Глаза мальчишки жадно блеснули. Луидор! Целое состояние! Ах, как он прокололся! Это же сколько таких золотых монет находилось в том кошельке, который он срезал с пояса слуги?! А кошелек был очень тяжелым…
Бомбанс едва не застонал от обиды на свое невезение. Упустил такой фарт… Что теперь о нем скажут в Доме Чудес? (Если, конечно, узнают о его промашке.) Он считался одним из лучших парижских карманников. Поэтому главари преступного парижского «дна» и выдали Бомбансу «разрешение» чистить кошельки парижан и приезжих на площади Дофина в день вернисажа, надеясь на ловкость его рук и почти всегда сопутствующую ему удачу.
Естественно, Бомбанс получал лишь свой процент (достаточно небольшой) от «улова». Все остальное забирал его «покровитель», содержатель воровского притона Жермен Ришло по кличке «Монах». Он провел десять лет в тюрьме Дурдана, где вел себя набожно и смиренно как истинный христианин, за что и получил досрочное освобождение по королевской милости.
На самом деле папаша Ришло лишь здорово притворялся. После выхода на свободу он сколотил шайку воров и грабителей, которая вскоре заявила о себе серьезными делами. Но Монах был настолько хитер, что поймать его с поличным никто не мог. Все приказы он отдавал через своих подручных – «лейтенантов», а ограбления планировал со всевозможной тщательностью и предусмотрительностью.
– Согласен! – решительно ответил Бомбанс.
Юного вора совершенно не волновало то, что именно он должен был сделать для этих богатых господ. Быстрый ум мальчишки мгновенно просчитал возможные комбинации такого сотрудничества, и Бомбанс понял, какая удача сама плывет в его руки.
– А почему не спрашиваешь, что мы от тебя потребуем? – с внезапно проснувшимся подозрением спросил Яков.
– Я не думаю, ваша милость, что вы хотите меня погубить и заставите кого-нибудь зарезать, – с наигранным смирением ответил Бомбанс; притворяться он умел.
Яков с облегчением улыбнулся; забавный малый, подумал сын черниговского полковника.
– Нет, ни в коем случае, – ответил Яков. – Мы люди законопослушные. В отличие, кстати, от тебя. Будешь воровать – закончишь свои дни на Гревской площади. Мы желаем, чтобы ты некоторое время побыл нашим гидом.
Бомбанс с облечением вздохнул – всего лишь! Как здорово все складывается, подумал юный мошенник.
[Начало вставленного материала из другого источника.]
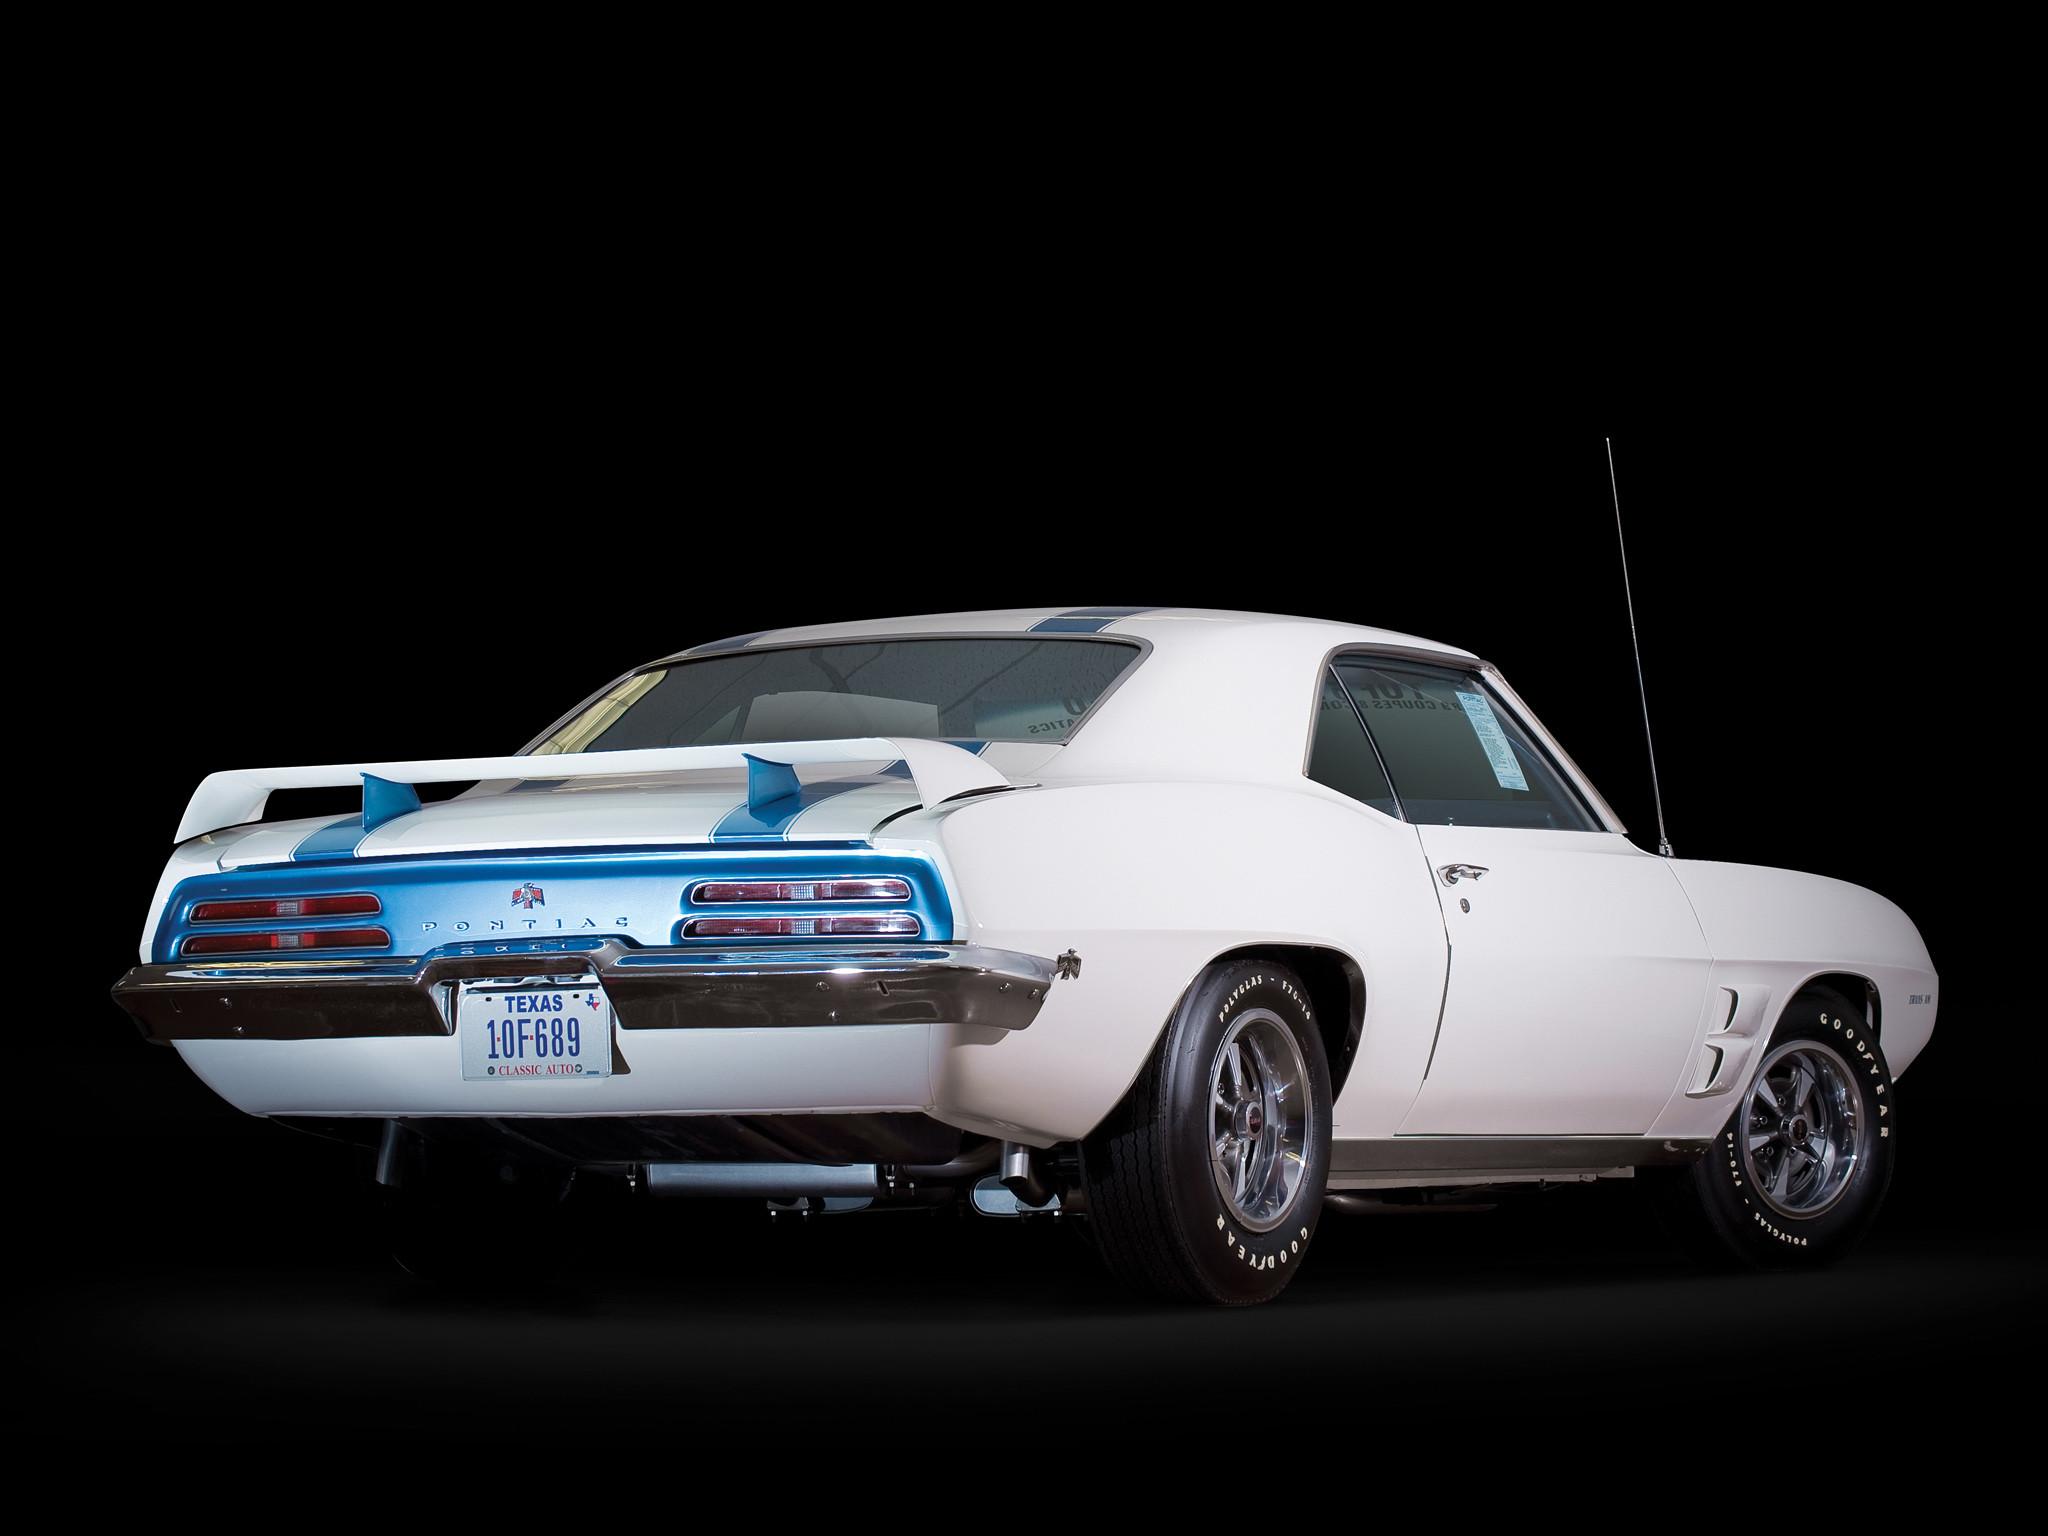 1969 Pontiac Firebird Trans-Am Coupe muscle classic g wallpaper …

Держаться поближе к этим богатеям – его самое заветное желание.
– С превеликим удовольствием, ваша милость! – не сдержав эмоций, радостно воскликнул мальчишка.
– Что это его так обрадовало? – с подозрением спросил Андрей.
В отличие от младшего брата, который владел добрым десятком иностранных языков, старший сын Полуботка из французского знал совсем немного, лишь несколько слов и фраз.
– Он согласен нам услужить, – ответил Яков.
– Еще бы… – недовольно буркнул Потупа. – Малое, а хитрое. Я этого поганца насквозь вижу. За ним нужен глаз да глаз. Ну ничего, это уже будет моей заботой.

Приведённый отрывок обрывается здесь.